STORED DATA:
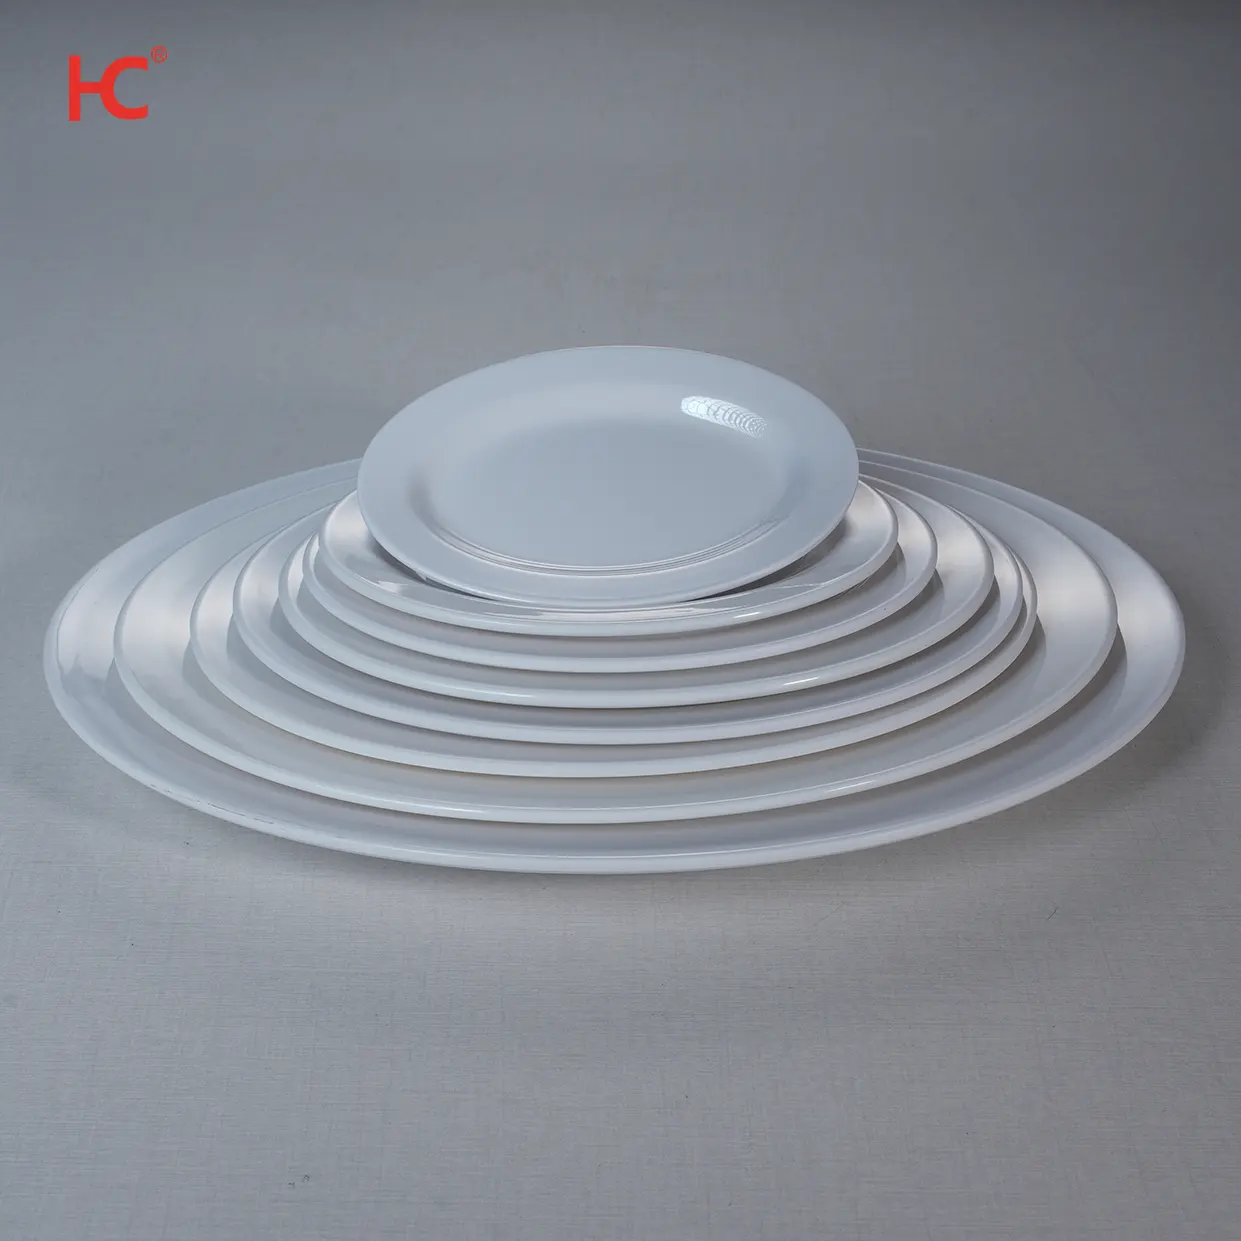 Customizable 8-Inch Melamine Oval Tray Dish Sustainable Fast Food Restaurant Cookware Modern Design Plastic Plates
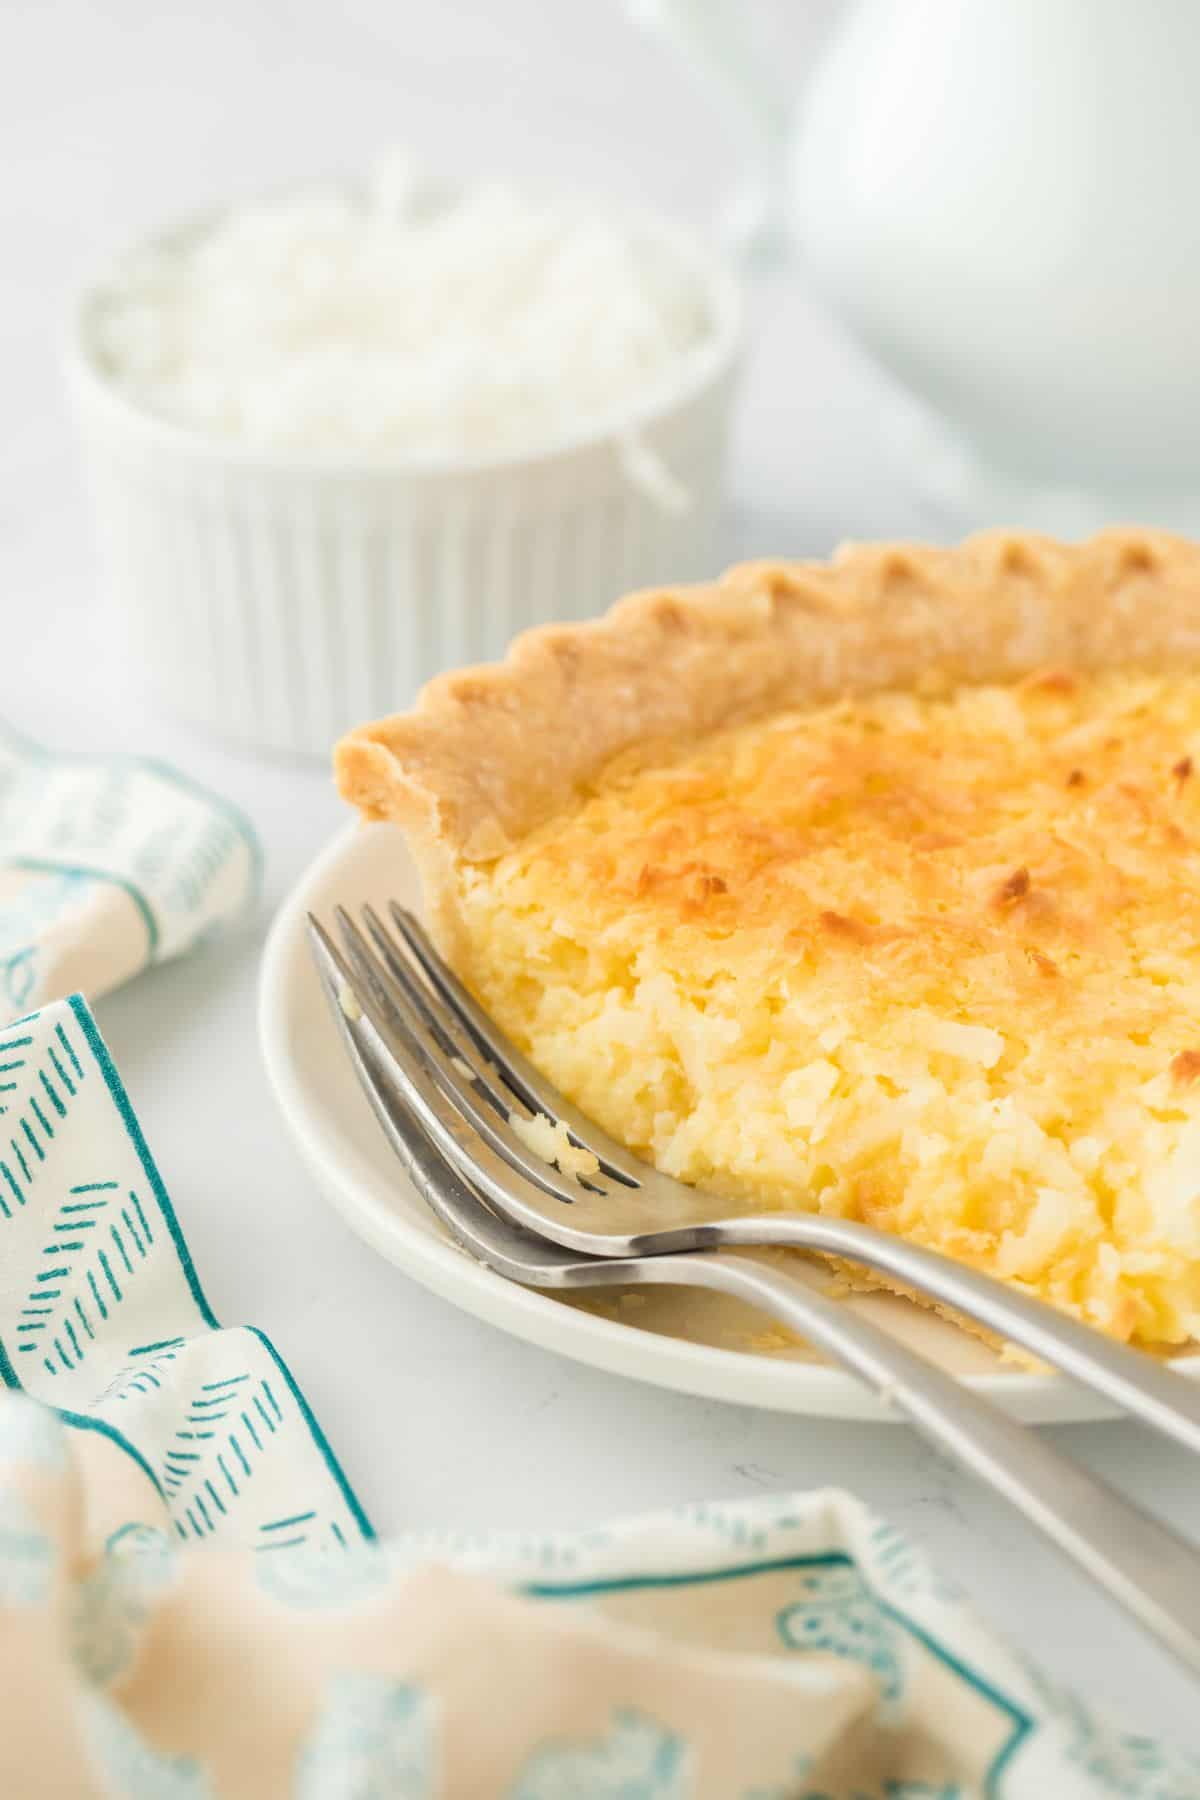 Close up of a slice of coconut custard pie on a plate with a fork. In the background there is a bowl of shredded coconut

...

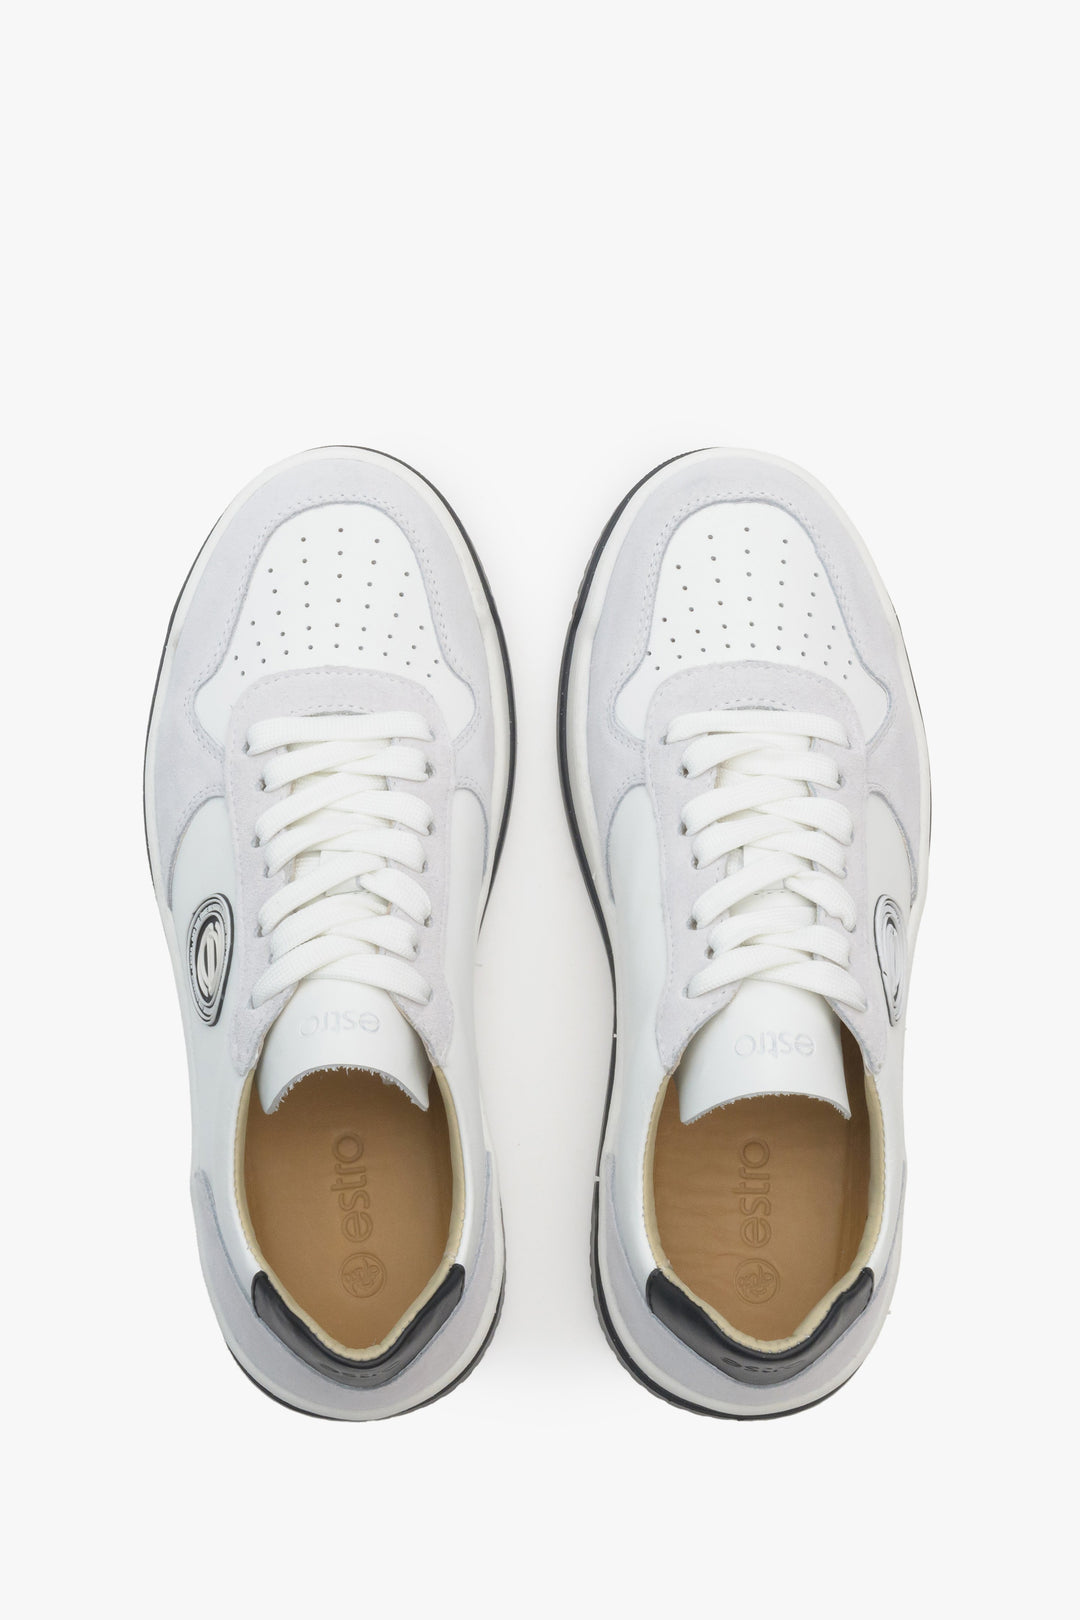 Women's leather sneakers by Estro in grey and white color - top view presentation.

...

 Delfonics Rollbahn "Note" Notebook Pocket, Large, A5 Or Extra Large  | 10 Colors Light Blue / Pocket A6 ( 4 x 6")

YOUR ASSIGNMENT: Among the lines above, the one with "Customizable 8-Inch Melamine" opens the part to repeat and the one with "Close up of" closes it; repeat only that part exactly, with no pictures.

PROBLEM SOLUTION:
 Customizable 8-Inch Melamine Oval Tray Dish Sustainable Fast Food Restaurant Cookware Modern Design Plastic Plates
 Close up of a slice of coconut custard pie on a plate with a fork. In the background there is a bowl of shredded coconut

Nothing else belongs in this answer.